Deploying a Machine Learning Model on Heroku with FastAPI
Training a Random Forest classification model to predict the income category of a person based on other personal informations.
- Created unit tests to monitor the model performance on various slices of the data.
- Then, deployed the model using the FastAPI package and create API tests.
- Both the slice-validation and the API tests were incorporated into a CI/CD framework using GitHub Actions.
- UCI census datasets was used to experience updating the dataset and model in git and DVC.
The training data is the census data available at the UCI library. It is the adult.income data from the data folder.
Link: UCI Census Data
This data versioning is tracked through DVC
using AWS S3
bucket as remote storage.
A basic Random Forest classifier imported from scikit-learn library and fit onto the census data
Model parameters are(other than default):
{
"random_state": 8,
"max_depth": 16,
"n_estimators":128
}
Refer to the - model card
The model versioning was tracked using dvc
.
Also, the performance of the model was evaluated on a slice of data (code).
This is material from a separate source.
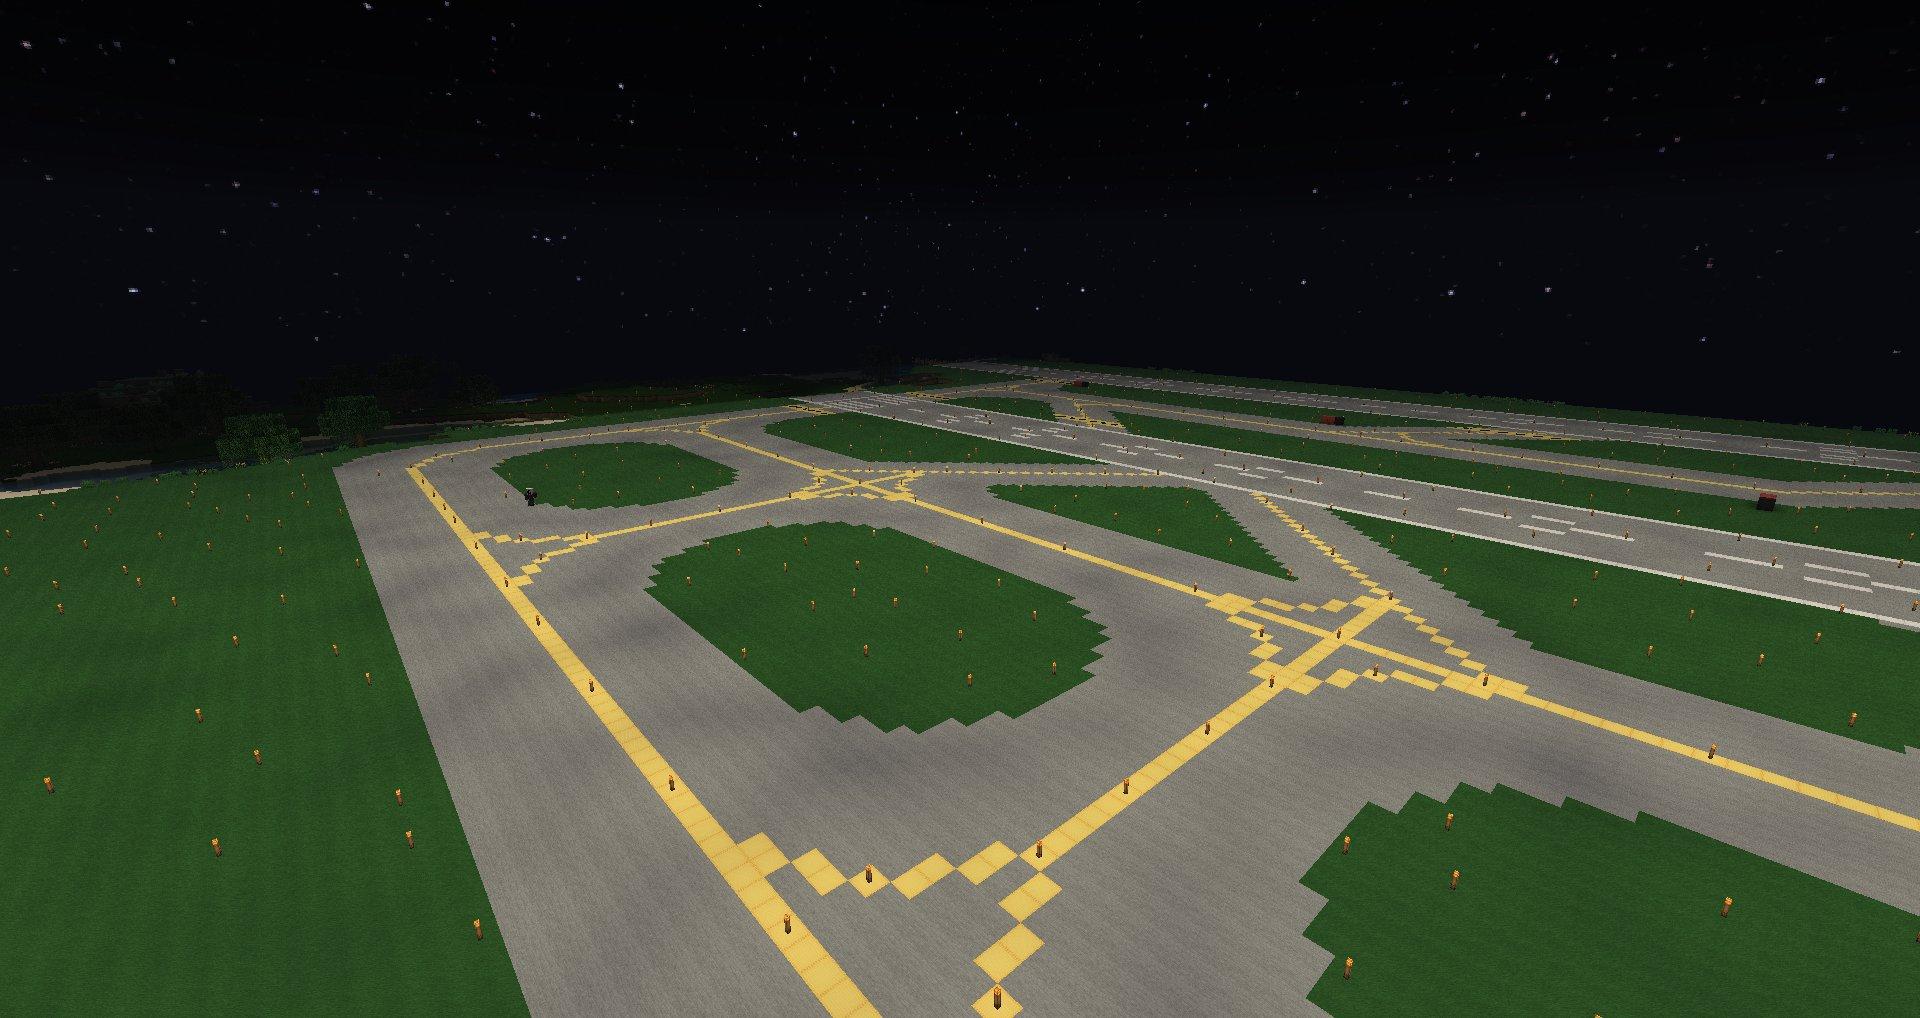 [PROJET] Aéroport International de Rodwin. - Page 2 F34e6bdf-eb47-4040-bb58-278af97e4b1d

The results are stored in the slice_output.txt
for slices done on education and race.
To run the model trainer, evaluation code (link):
python main.py
Continuous integration was incorporated in the project using the Github actions. The action was completed only if the pytest
and flake8
linter tests passed on the project without any error.
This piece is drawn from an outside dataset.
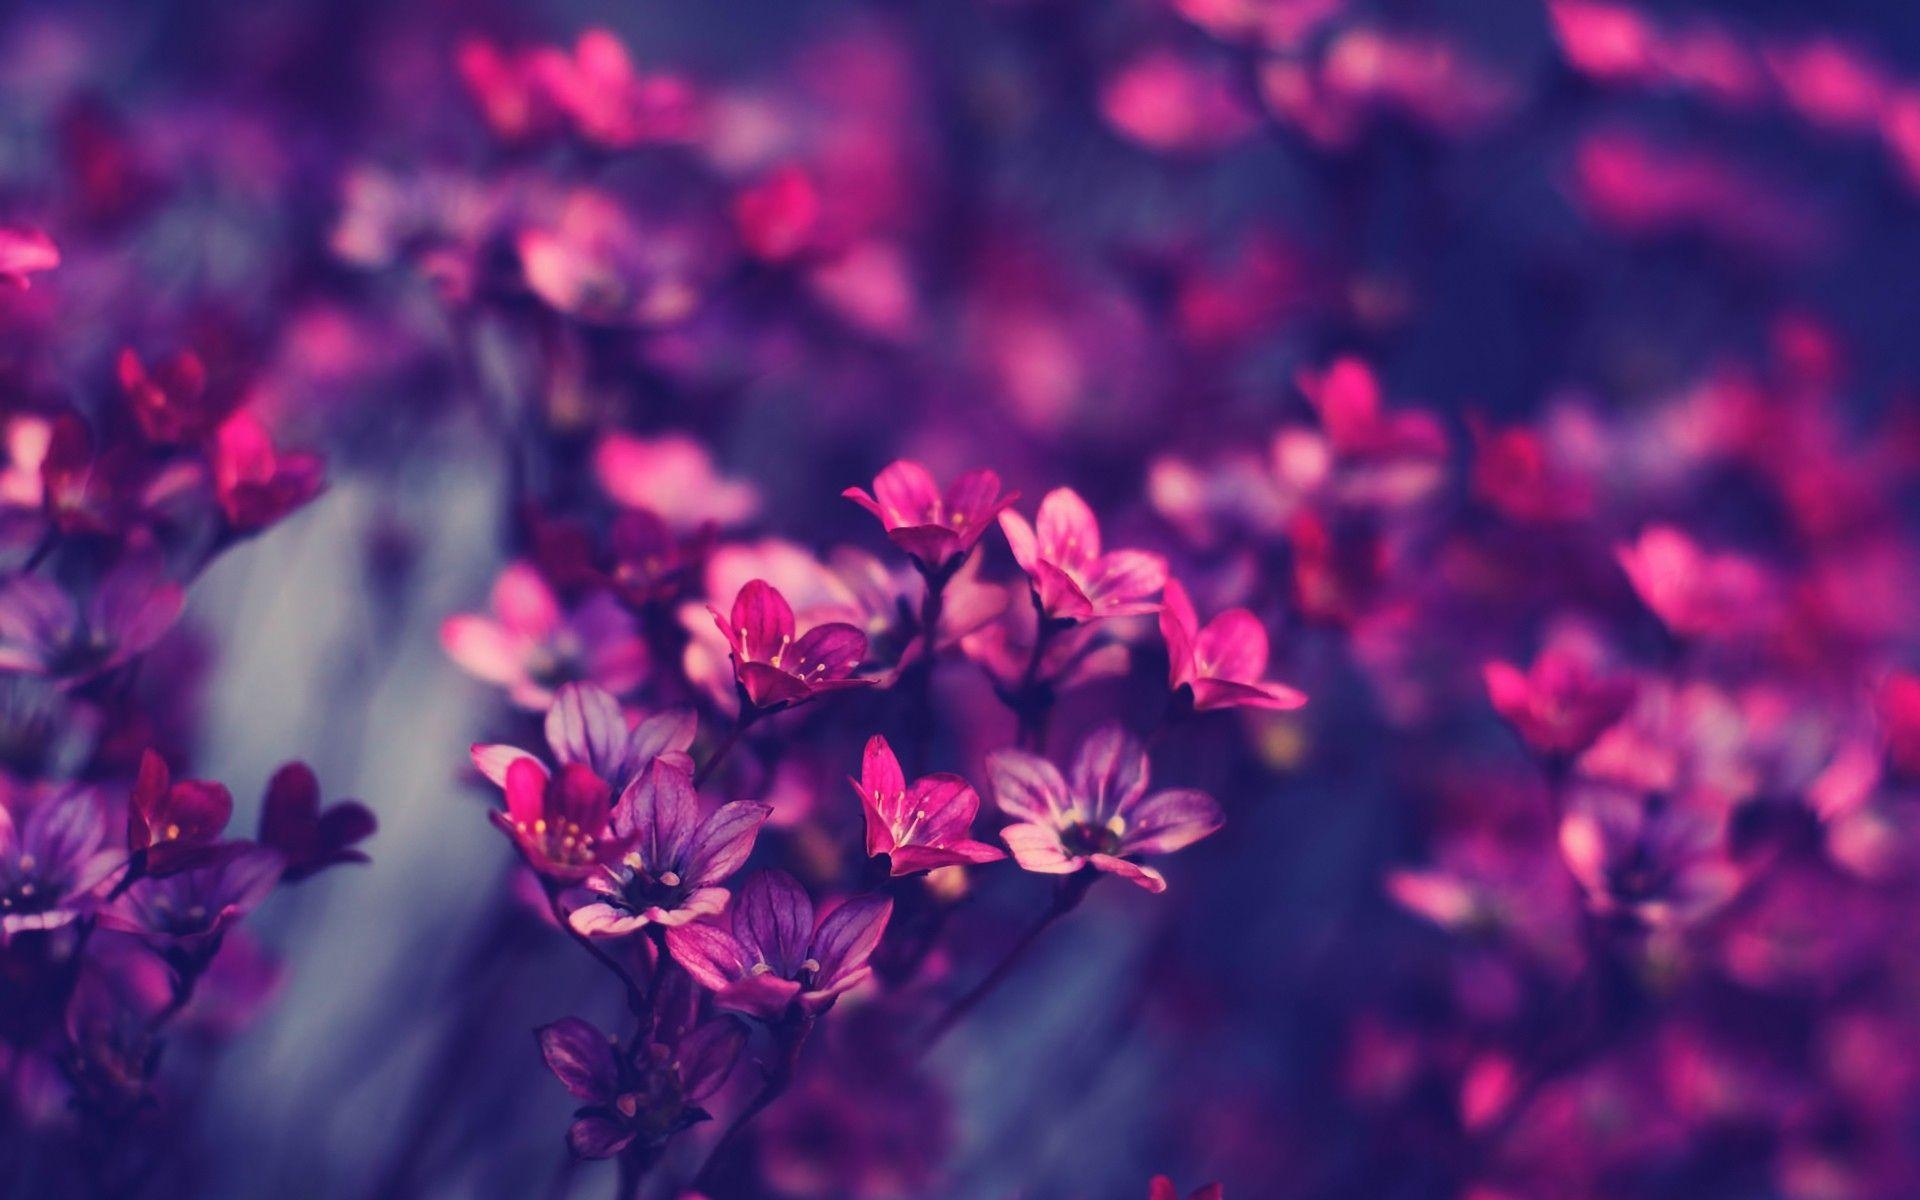 Purple pink flowers wallpaper wallpapers in 2018 pinterest purple pink flowers wallpaper mightylinksfo

Unit tests were written for the model training and the inference API features. The tests are done using the pytest
library via command:
pytest test/ -vv
A FastAPI
framework was developed for the inference API using the input type-hints example from pydantic
library
The API main file is the inference_api.py
The API was deployed on Heroku
using the main branch of the current GitHub repository with Continuous Delivery
enabled.